Curely didn’t explain what he meant by Google’s “self-referring network,” but he made repeated reference to it and said the AP was planning “our own self-referring network.” That could have something to do with the AP’s plans for topic pages to rival Wikipedia in search results. After his speech, Curley added, “The programs that we’re undertaking, we expect Google to have a directly competitive response.”
As for Microsoft, Curley repeatedly insinuated a looming partnership that would extend beyond the existing license to distribute AP content. He teased a new Microsoft product (other hints here) that might be part of the deal:
The search war is going to be fought on a qualitative dimension. So Google famously has the ten blue lines, and then everybody else is going toward more visual and what they believe is more accurate. So EveryZing is all visual, all right, and Microsoft this month has some new technology that it’s unveiling that will be much more visually dramatic than anything you’ve seen before. Multimedia in ways you haven’t thought about yet. We’ve seen it, we’ve seen the technology.
If Microsoft and the AP come to terms, it could have huge implications for consumers and publishers, affecting some of the biggest news sites on the web: MSN and, given their search partnership, Yahoo News. (Curley had nice things to say about the AP’s experimental partnership with Yahoo for its coverage of Justice Sotomayor’s confirmation hearings.) This is the search engine — or, really, search partnership — that AP executives have been hinting at, the one that would privilege “the original source or the most authoritative source” of news. At AP, it’s called the News Registry.
Google, for what it’s worth, says that it already favors original sources, but it’s hard to imagine they’d agree to make any adjustments to search results specifically for the AP and its members. That could lead to some brinksmanship in which the AP hitches its wagon to Microsoft and hopes the company is successful in its renewed competition with Google. Or the AP and Google could finally start talking.
I’m still putting together the transcript of Curley’s remarks and will share that with some of the audio when it’s ready. (I made a call to the AP’s press office shortly before posting this and will update if there’s anything to add.
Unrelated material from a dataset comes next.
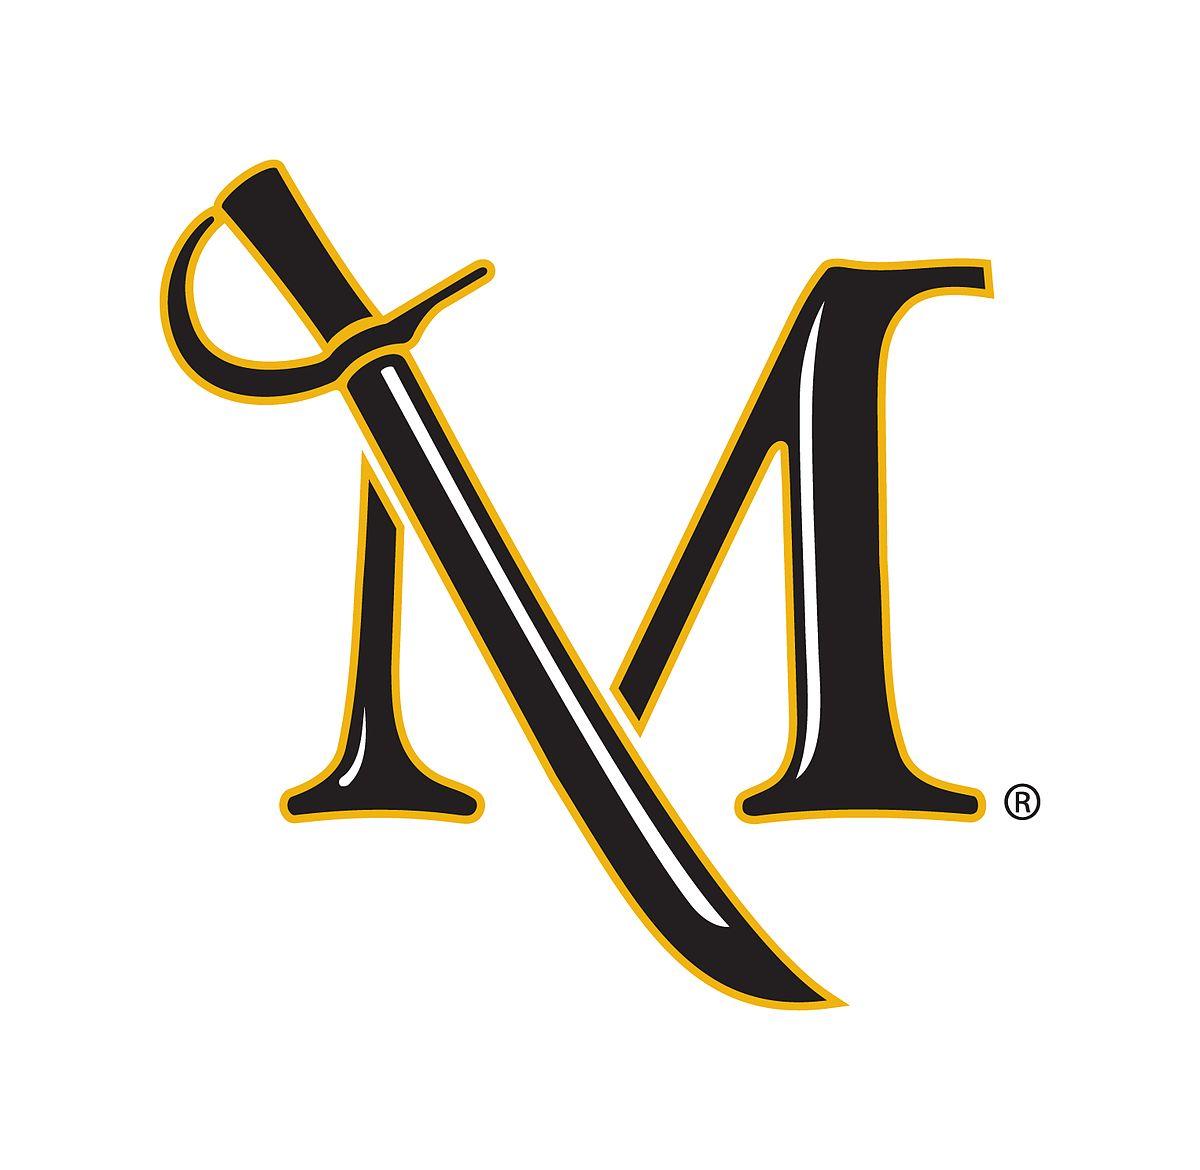 2017 Millersville Marauders Football Team Wikipedia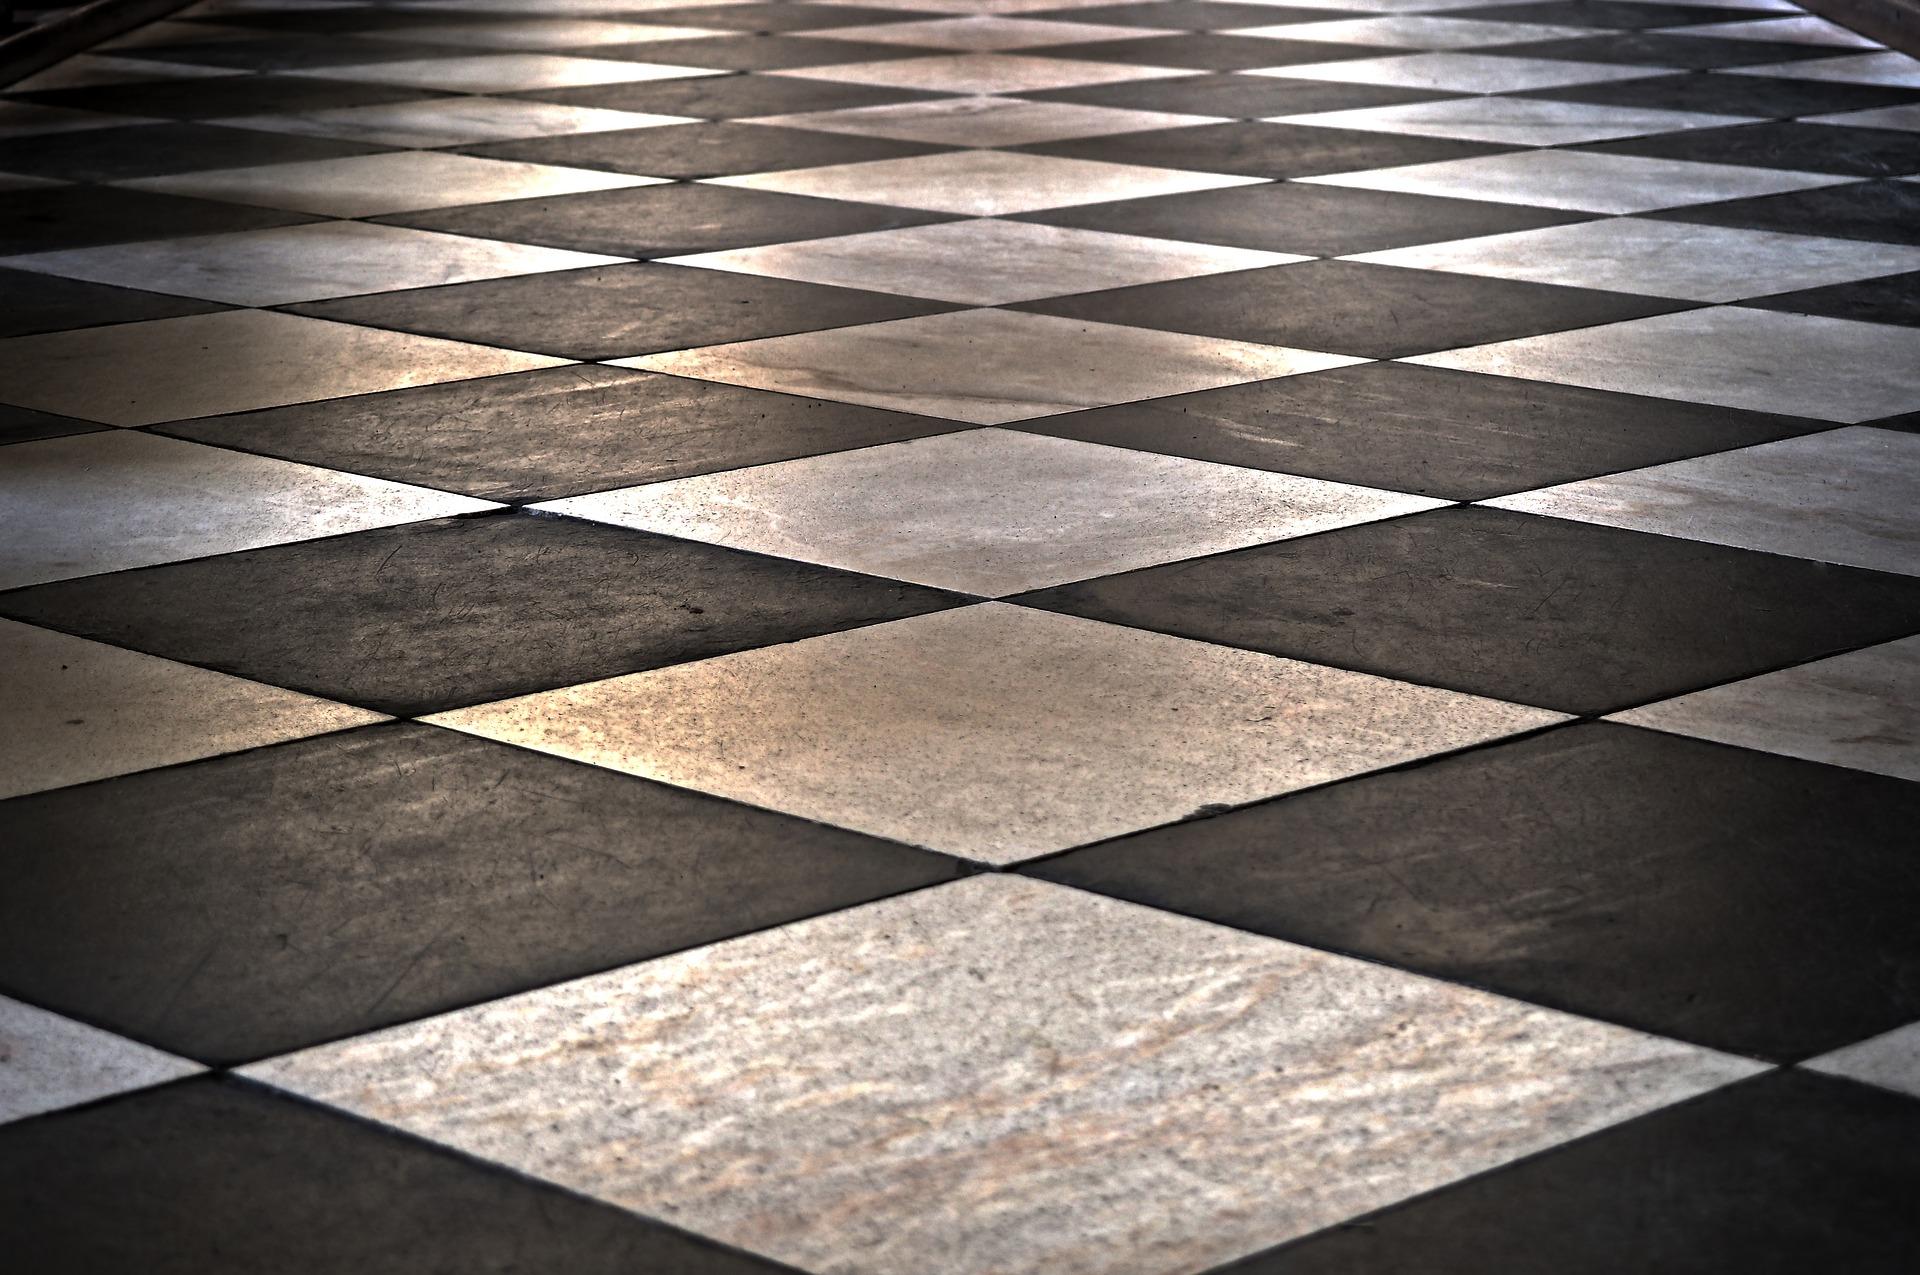 pattern-3180129_1920

UPDATE, 1:58 p.m.: Paul Colford, director of media relations for the AP, said he would let Curley’s presentation “speak for itself” but gave me this statement for context: “As discussed this week by AP President and CEO Tom Curley in Hong Kong, the AP news registry, announced in April and now in development, will greatly improve and quicken the discovery of authoritative news produced by the AP and its member news organizations and empower them to better serve their readers and customers.”)
These are just clues, and Curley was intentionally vague at points, but they’re bigger and clearer clues than we’ve previously heard from the AP.